### [SUPPLIED MATERIAL]

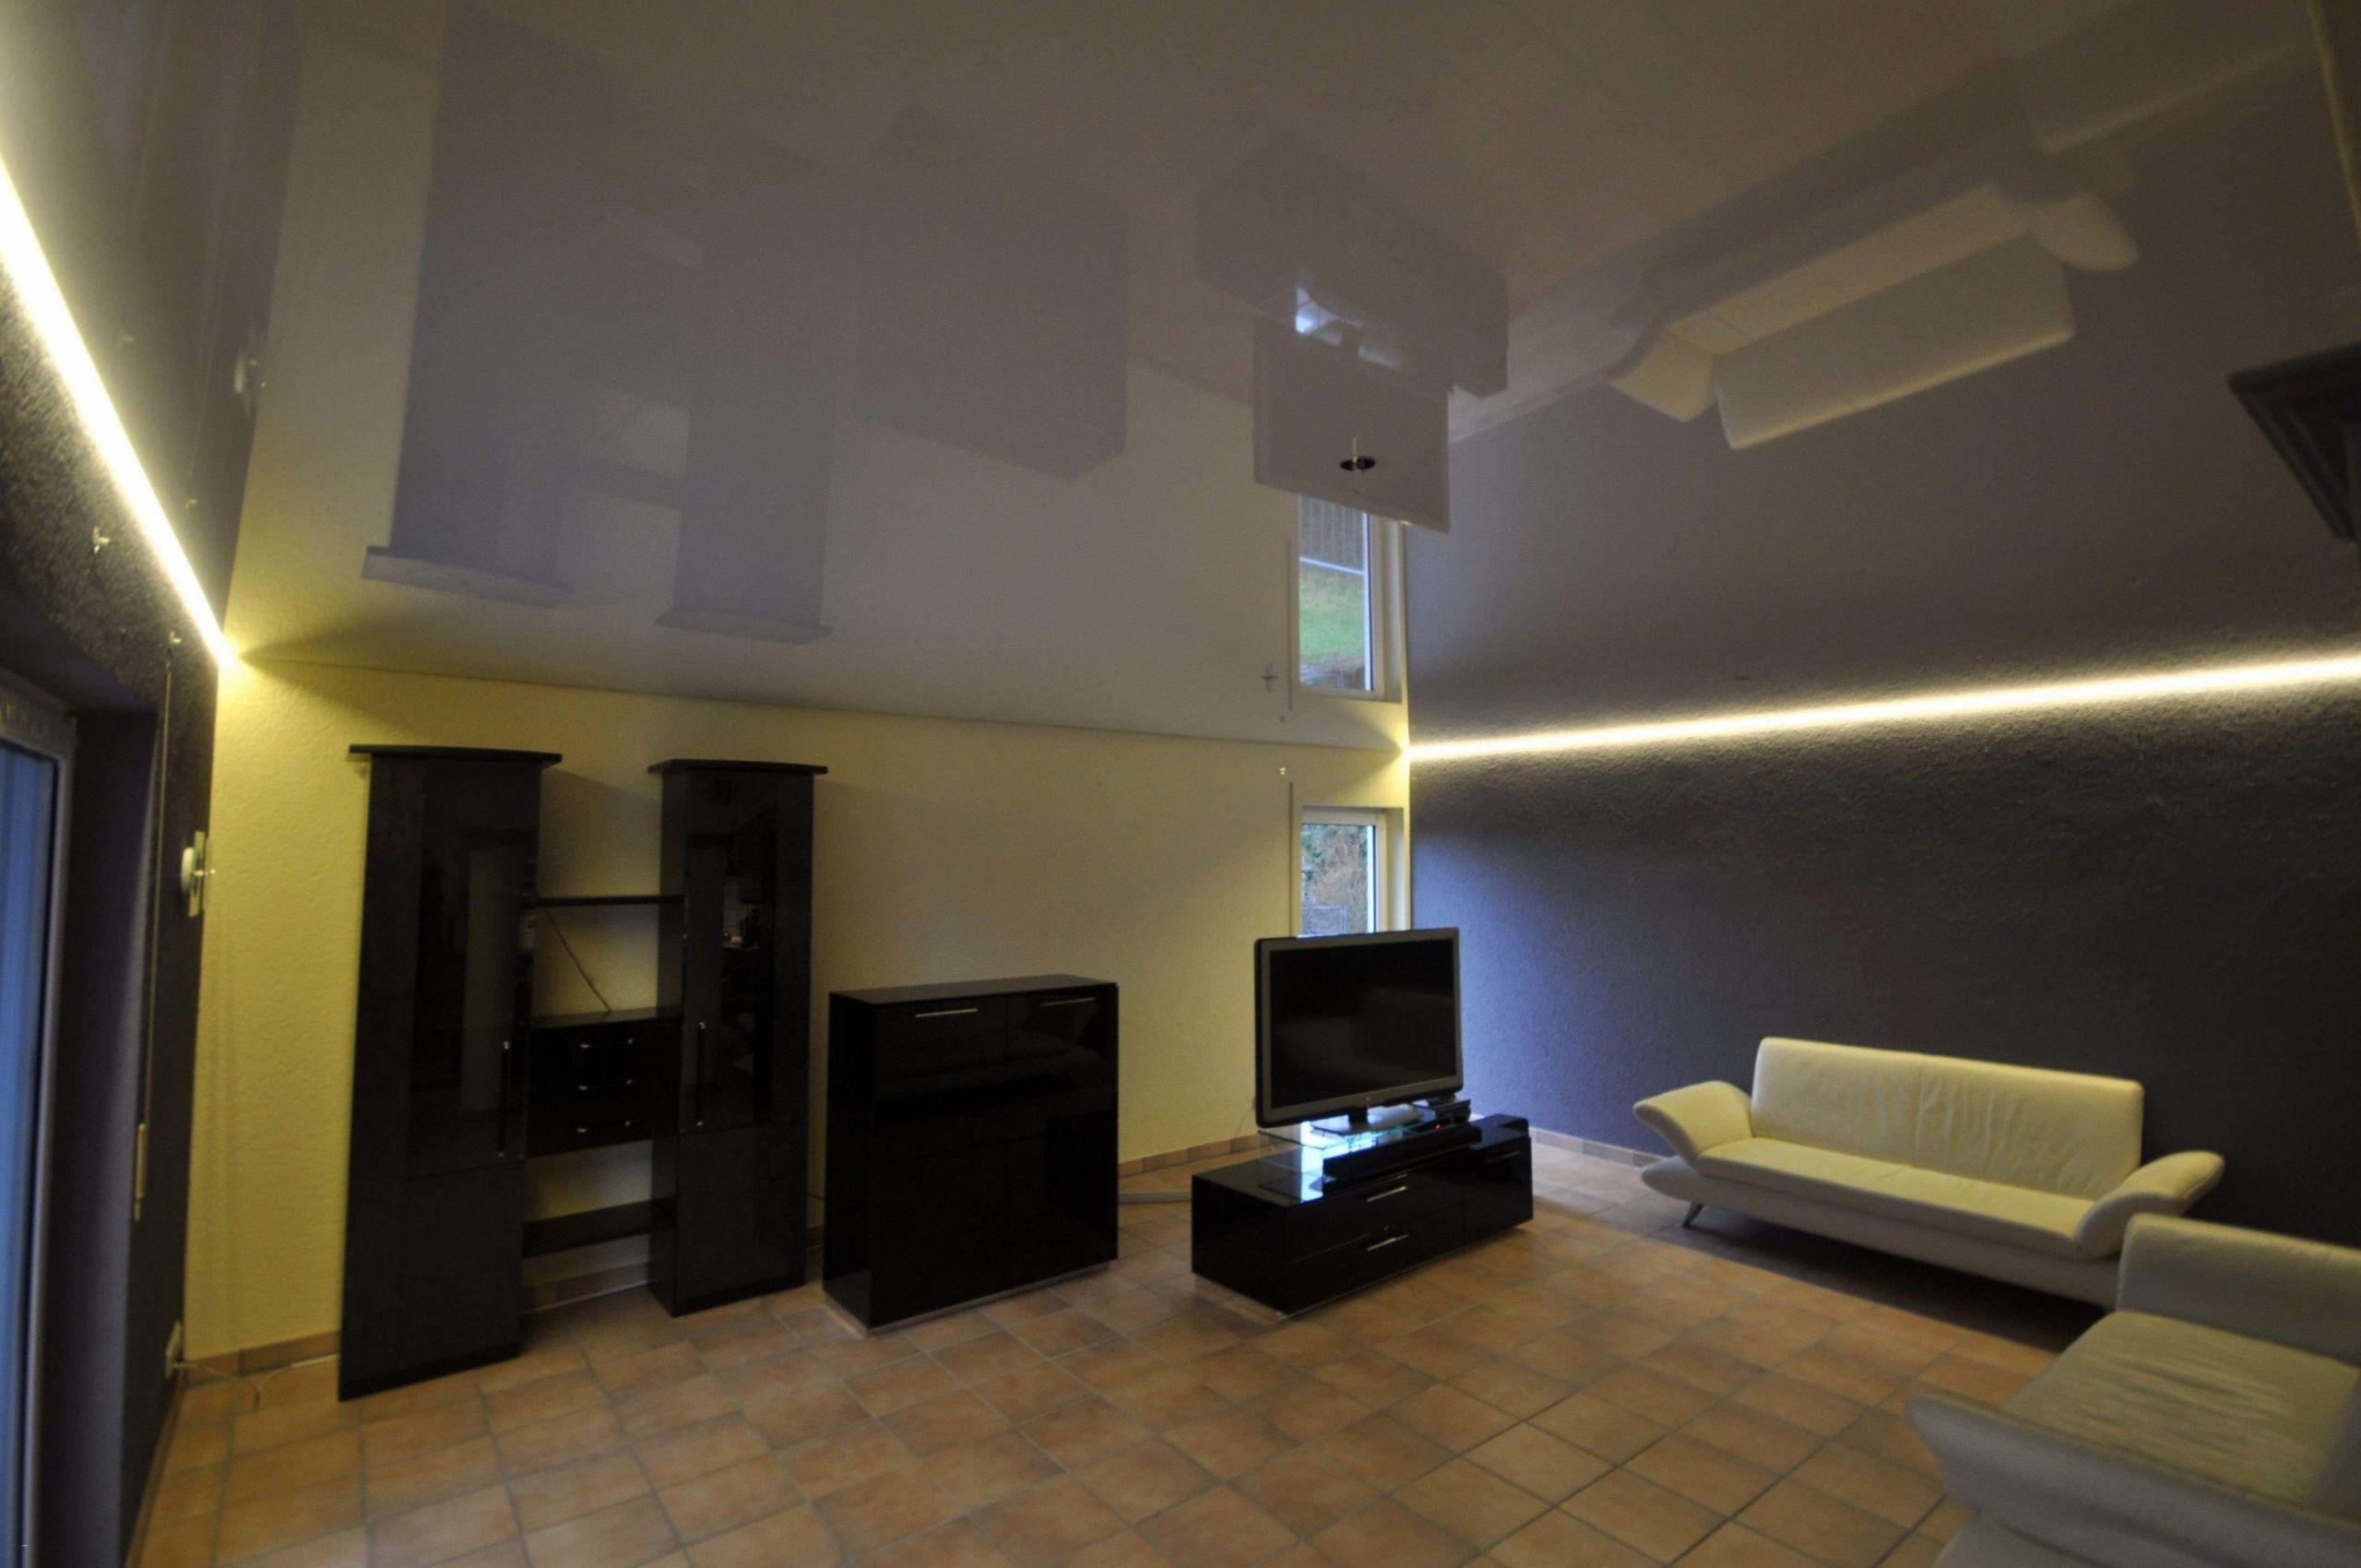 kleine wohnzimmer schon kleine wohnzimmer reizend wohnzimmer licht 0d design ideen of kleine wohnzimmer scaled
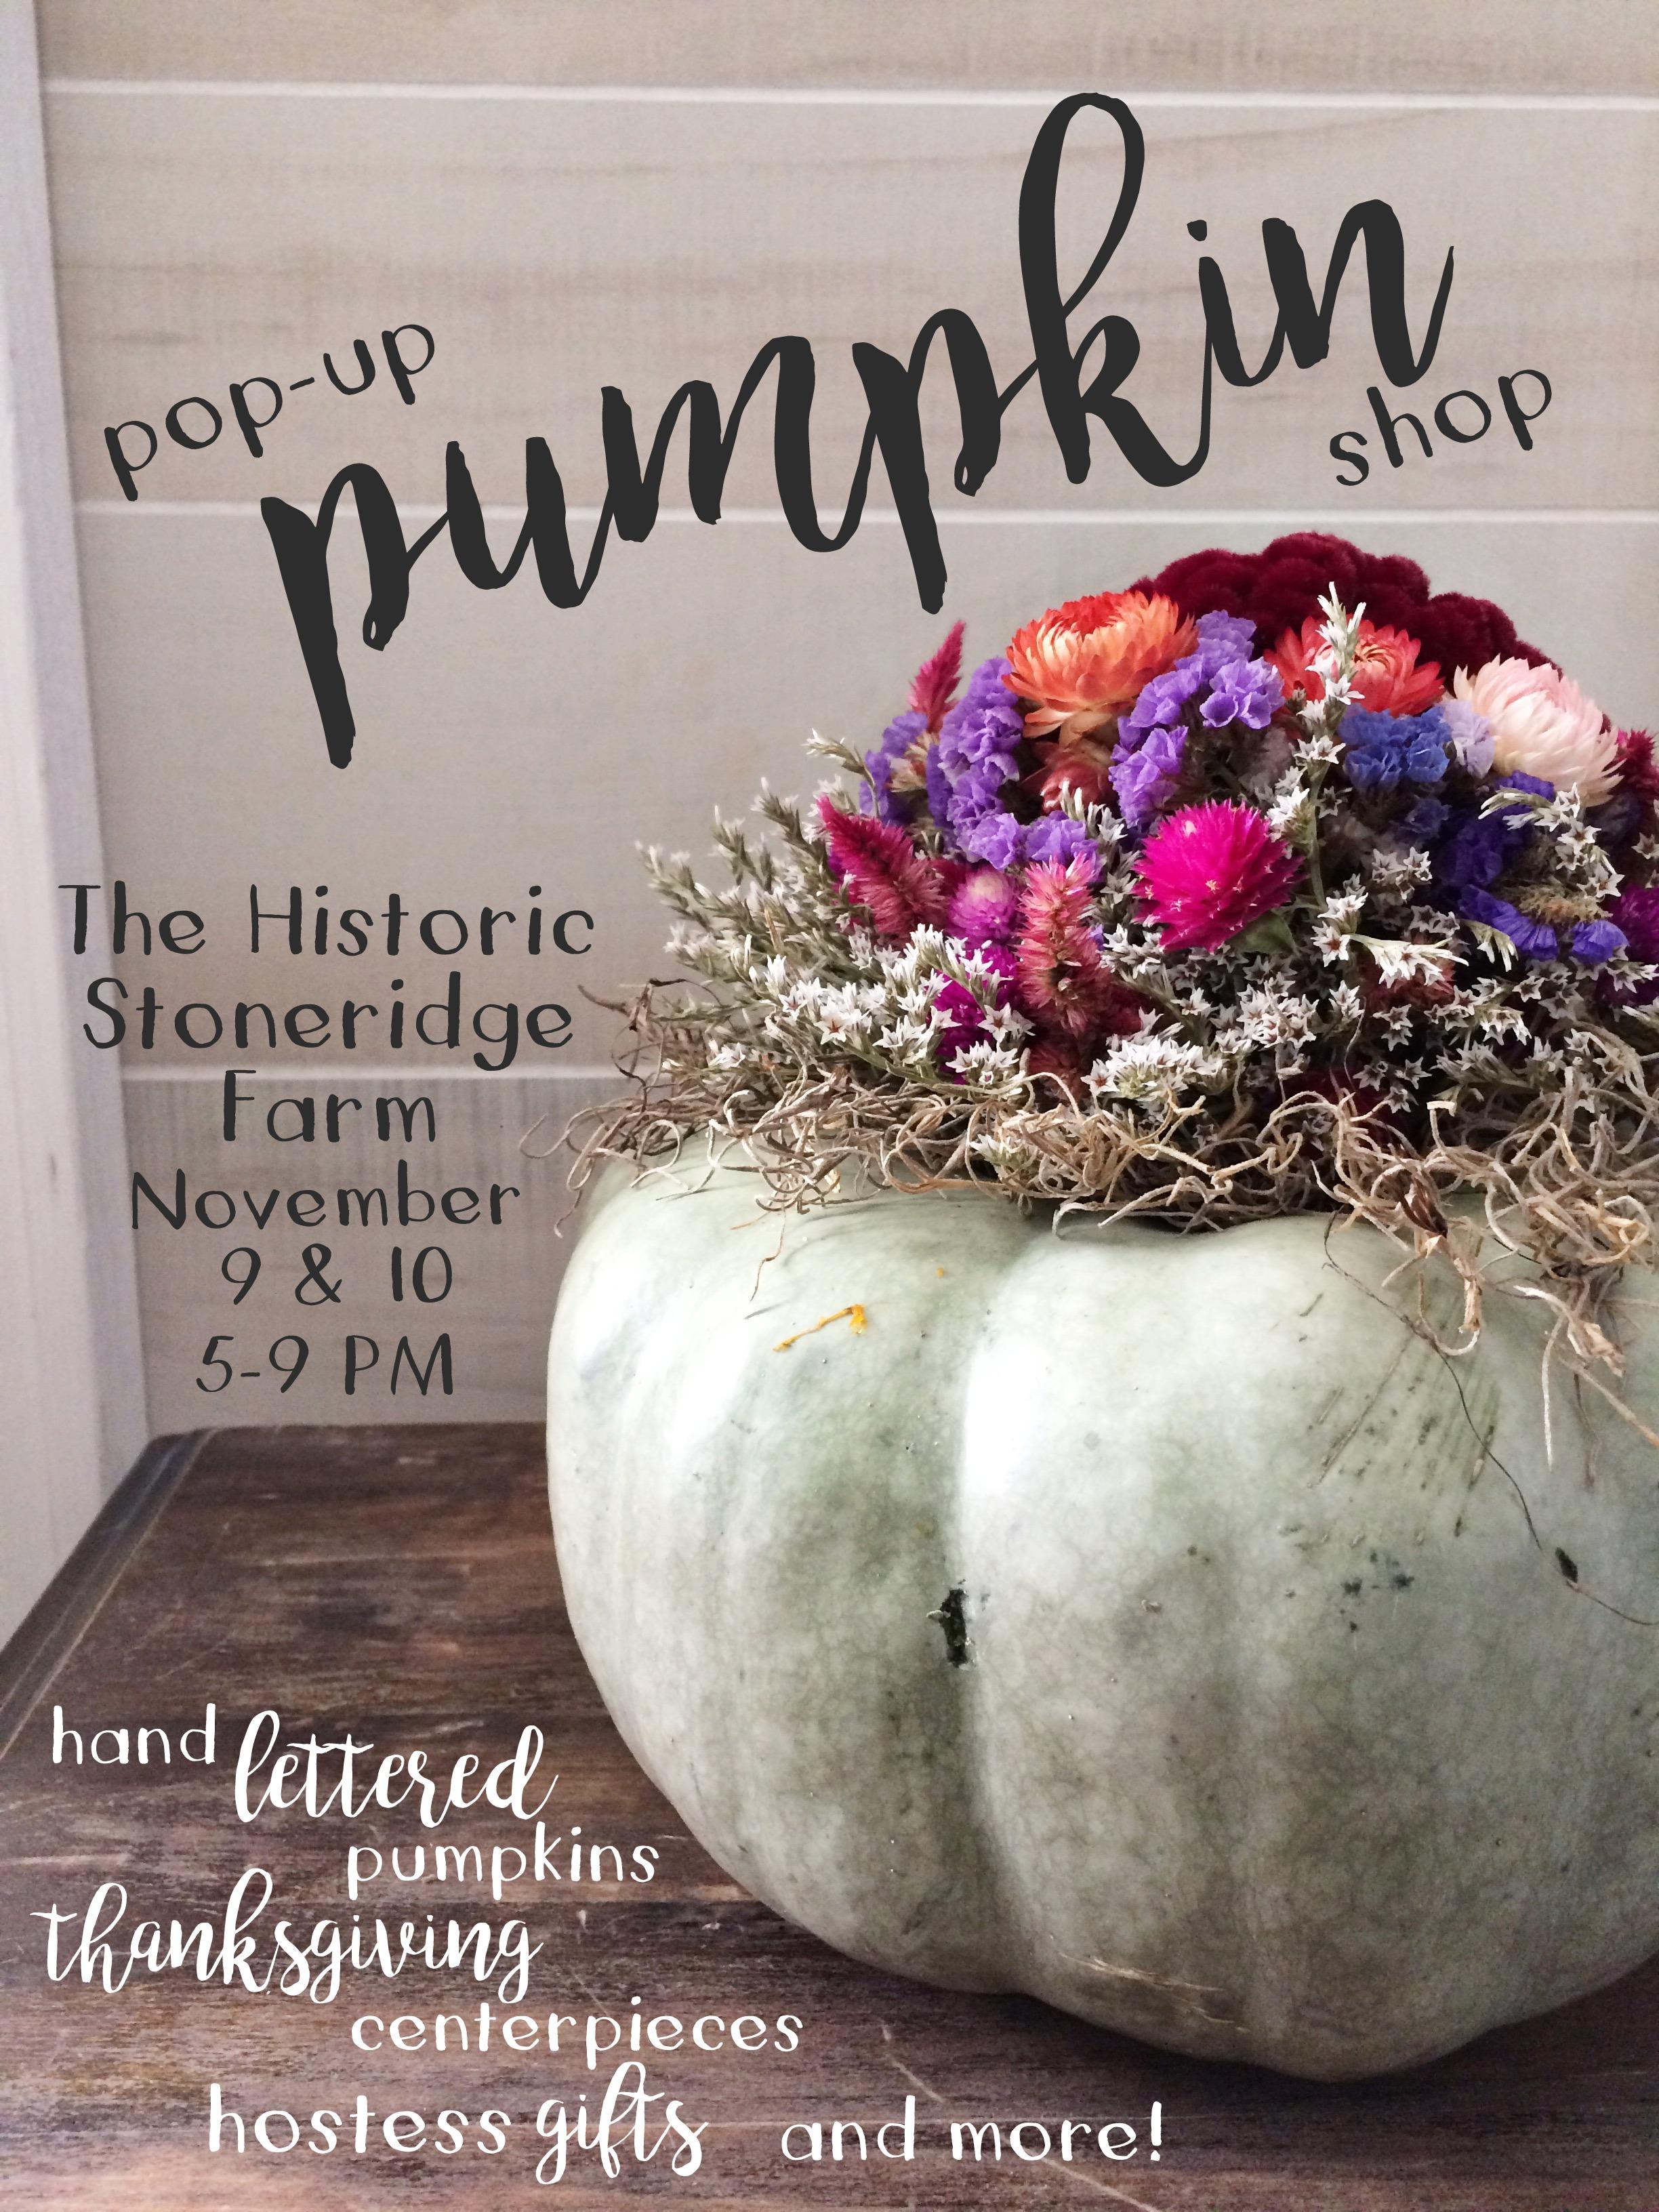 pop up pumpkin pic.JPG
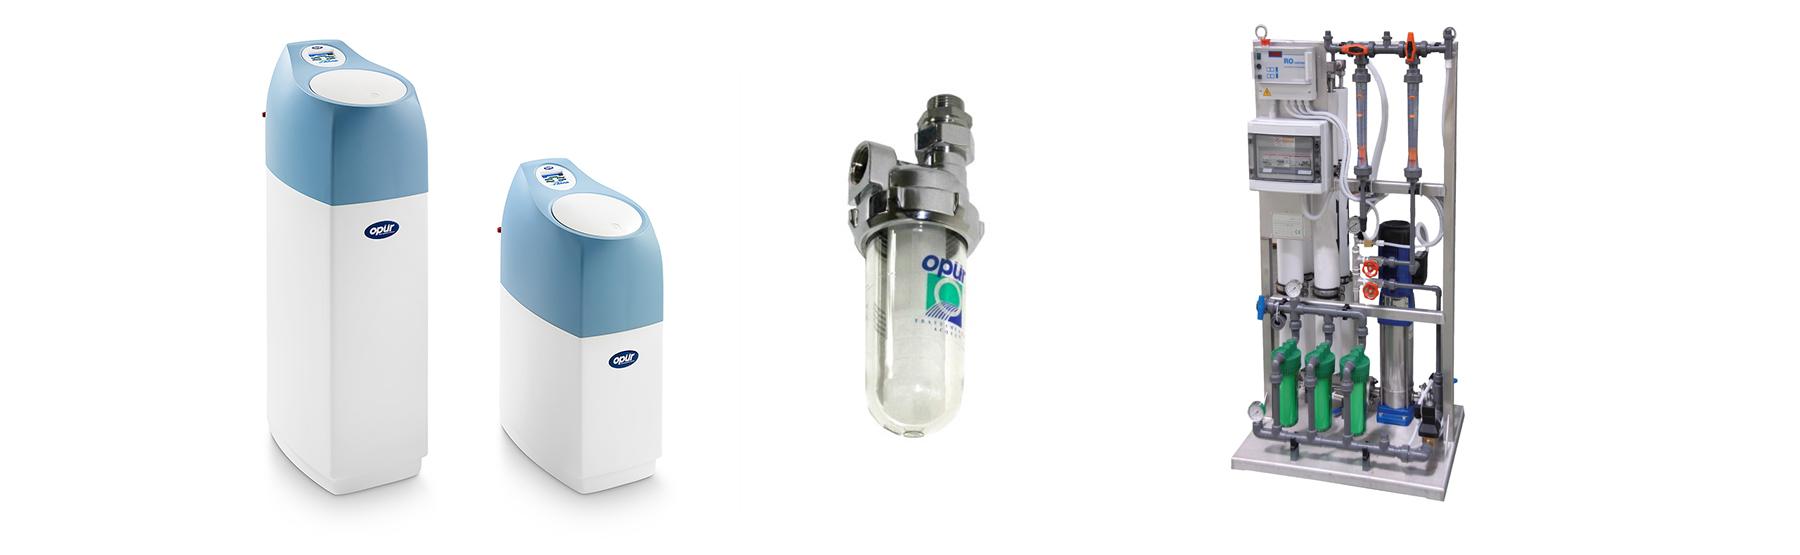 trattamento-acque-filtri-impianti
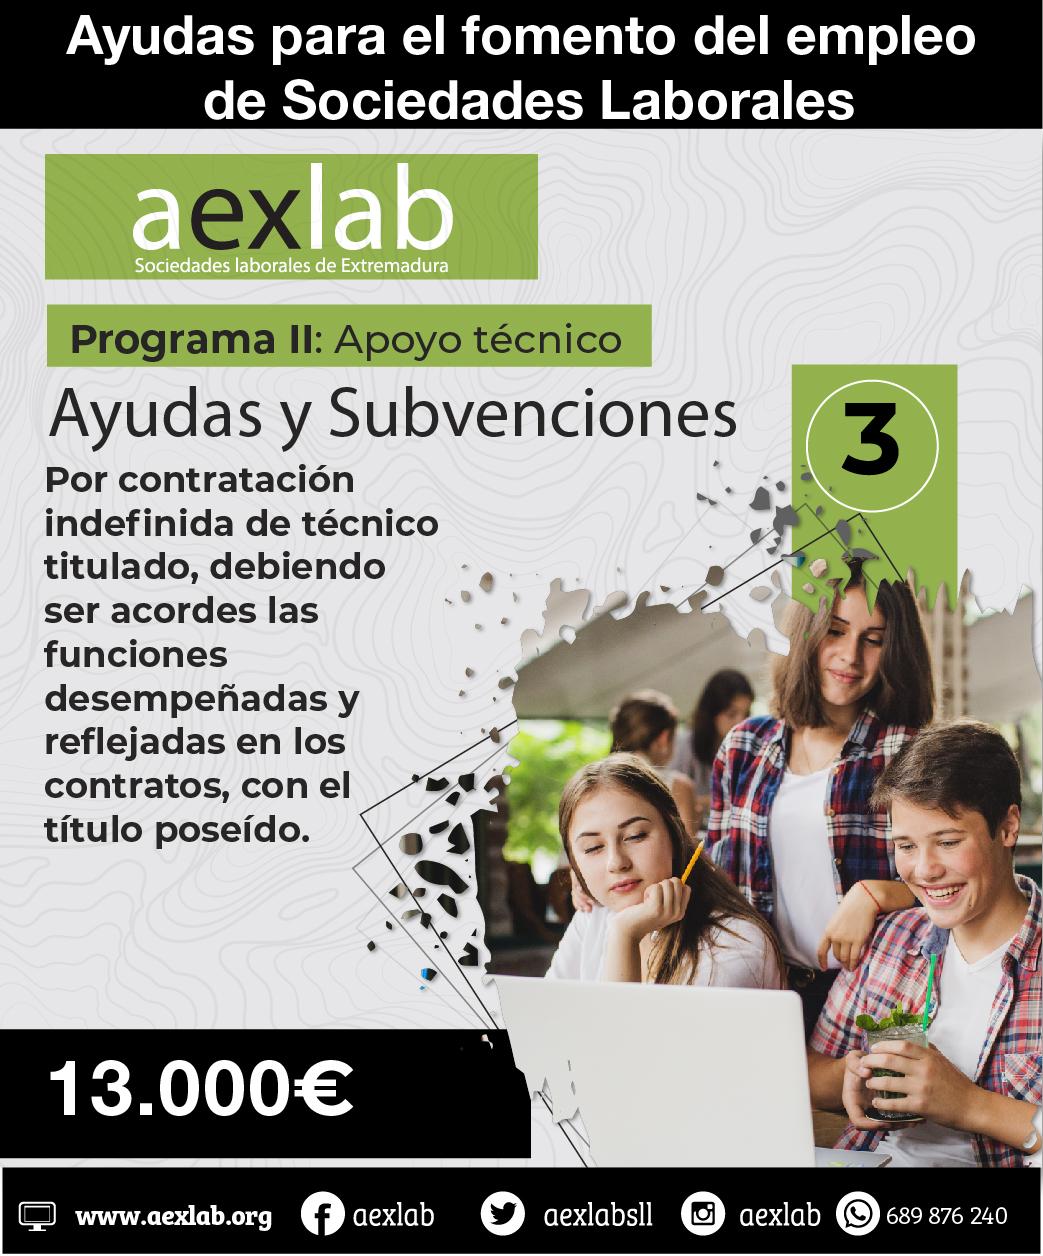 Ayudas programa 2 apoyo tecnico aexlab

### [WORK ITEM]
Start with the line that holds "trattamento-acque-filtri-impianti" and retype each line through the last one in the data, exactly and without pictures.

### [REPLY]
 trattamento-acque-filtri-impianti
 Ayudas programa 2 apoyo tecnico aexlab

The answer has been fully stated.